What Is Actually in the Package

According to vendor materials, Volt connects to real-time payment schemes across 31 territories and 2,500 banks. The core product is a single API integration that provides merchants access to domestic real-time payment rails without building individual country integrations. Pay-by-bank transactions route directly from a trading client’s bank account to the broker’s merchant account, bypassing card networks. Integration partners including Primer have referenced codeless connection capabilities via dashboard configuration rather than full API build. Specific settlement currency options are not published publicly. Chargeback mechanics do not apply to authorised bank-push payments in the same way as card transactions. Regulatory and licensing details are not prominently disclosed on Volt’s public homepage; specific FCA registration numbers and PSD2 authorisation references are referenced in legal documentation but not prominently surfaced in vendor marketing materials, and operators should verify directly.

Pricing Reality

Volt does not publish pricing publicly. Open-banking payment processors in this segment generally price on a per-transaction basis, typically structured as a flat fee per transaction or a capped percentage, in both cases significantly below card interchange. Volt’s pricing model, minimum volume requirements, and setup fees are not publicly confirmed. As a Series B-funded infrastructure company, Volt may apply volume minimums or enterprise-tier requirements that are not suitable for smaller operators. Operators should request a commercial proposal and compare directly against Trustly for European bank-transfer coverage, as the two vendors target substantially overlapping geography.

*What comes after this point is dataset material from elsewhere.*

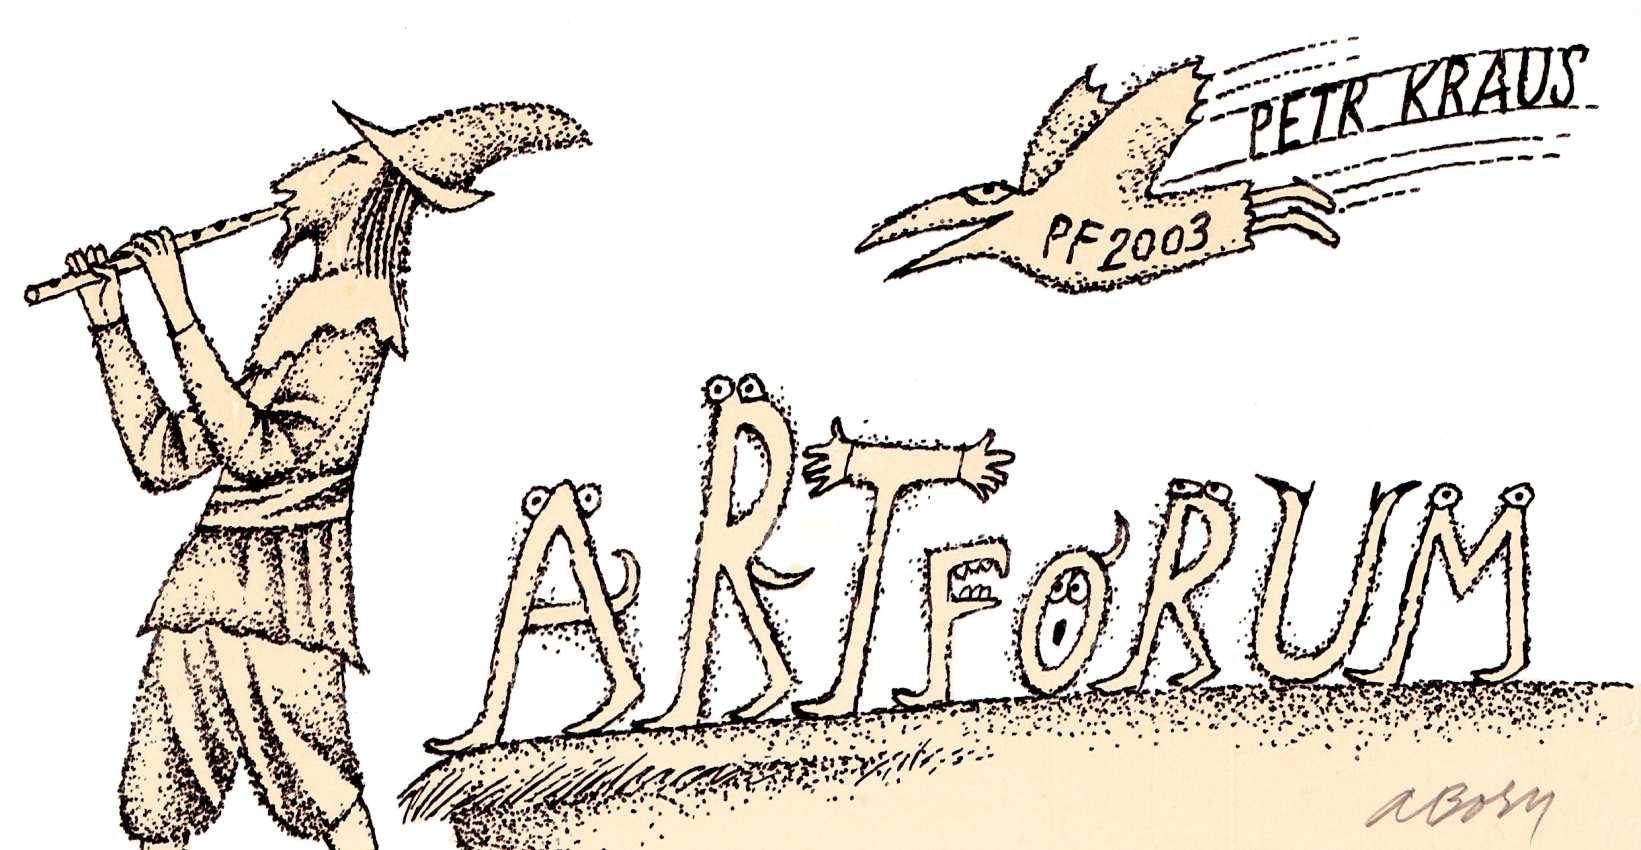 Adolf Born: PF 2003 Oficiální zdroj: ArtFrum

Jurisdictional and Regulatory Fit

Volt’s 31-territory network is publicly cited but the specific country list is not fully detailed in vendor materials reviewed. European coverage under PSD2/PSD3 open-banking access rules is the structural basis of the offering in the EU. UK Faster Payments access is operationally confirmed by the vendor’s London presence and open-banking focus. For CySEC-regulated brokers targeting European client bases, Volt is a credible pay-by-bank option - but MCC 6211 card-scheme exemption applies in the same way as Trustly: account-to-account bank transfers do not route through Visa or Mastercard, eliminating the high-risk MCC cost. Broker-specific regulatory endorsement or documented FX/CFD client references are not visible in public materials, which means due diligence on Volt’s appetite for FX/CFD merchant accounts is necessary before onboarding.

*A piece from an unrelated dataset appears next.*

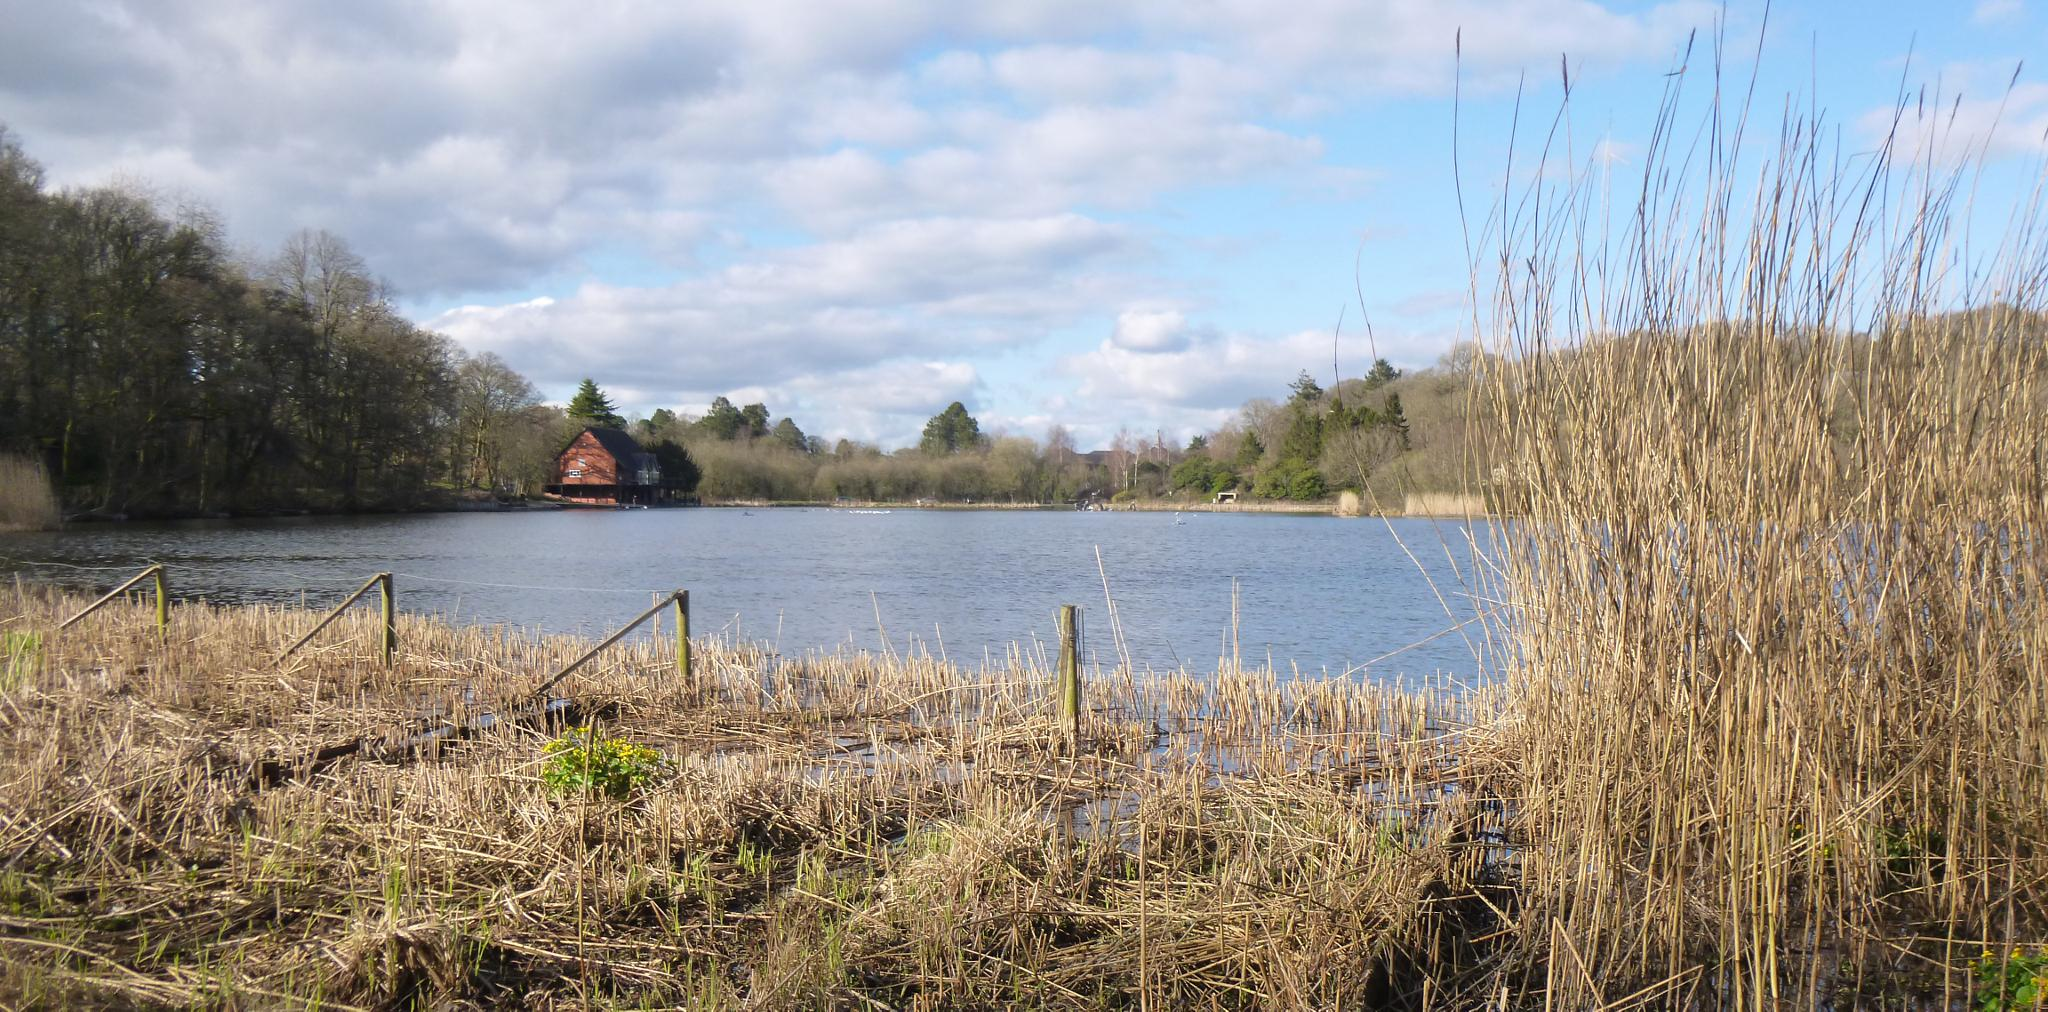 llandrindod wells lake by chris.adams.3557

Where It Fits in a Multi-PSP Stack

Volt functions as a European and emerging-market bank-transfer rail within a multi-PSP broker stack. In a three-to-five PSP configuration it would sit in the bank-transfer/pay-by-bank slot alongside or instead of Trustly, depending on which vendor offers better coverage in the operator’s specific target markets. Volt’s infrastructure positioning means it may also serve as an underlying network for brokers who prefer to integrate a single global bank-transfer API rather than managing multiple country-specific bank-transfer schemes independently. The vendor’s 31-territory reach and 2,500 connected banks represent a broader potential coverage than single-country bank-transfer schemes, but commercial availability for broker merchants across all 31 territories needs individual verification.

Where This Breaks Down

Volt is a younger company than the other pay-by-bank vendors in this chapter, which creates higher counterparty uncertainty. Specific FCA authorisation details and PSD2 licence credentials are not prominently disclosed in public materials, requiring deeper due diligence. The vendor has not published broker-specific case studies or client references in materials reviewed. Pricing opacity is acute: without any public rate guidance operators cannot benchmark against comparable pay-by-bank options without a full sales engagement. Geographic specifics within the cited 31-territory footprint are unclear; not all territories in a “connected” network are necessarily commercially active for FX/CFD merchant onboarding. Settlement currency confirmation, chargeback and dispute process specifics, and FX/CFD merchant appetite all require direct vendor engagement, making Volt higher in procurement effort than more established peers.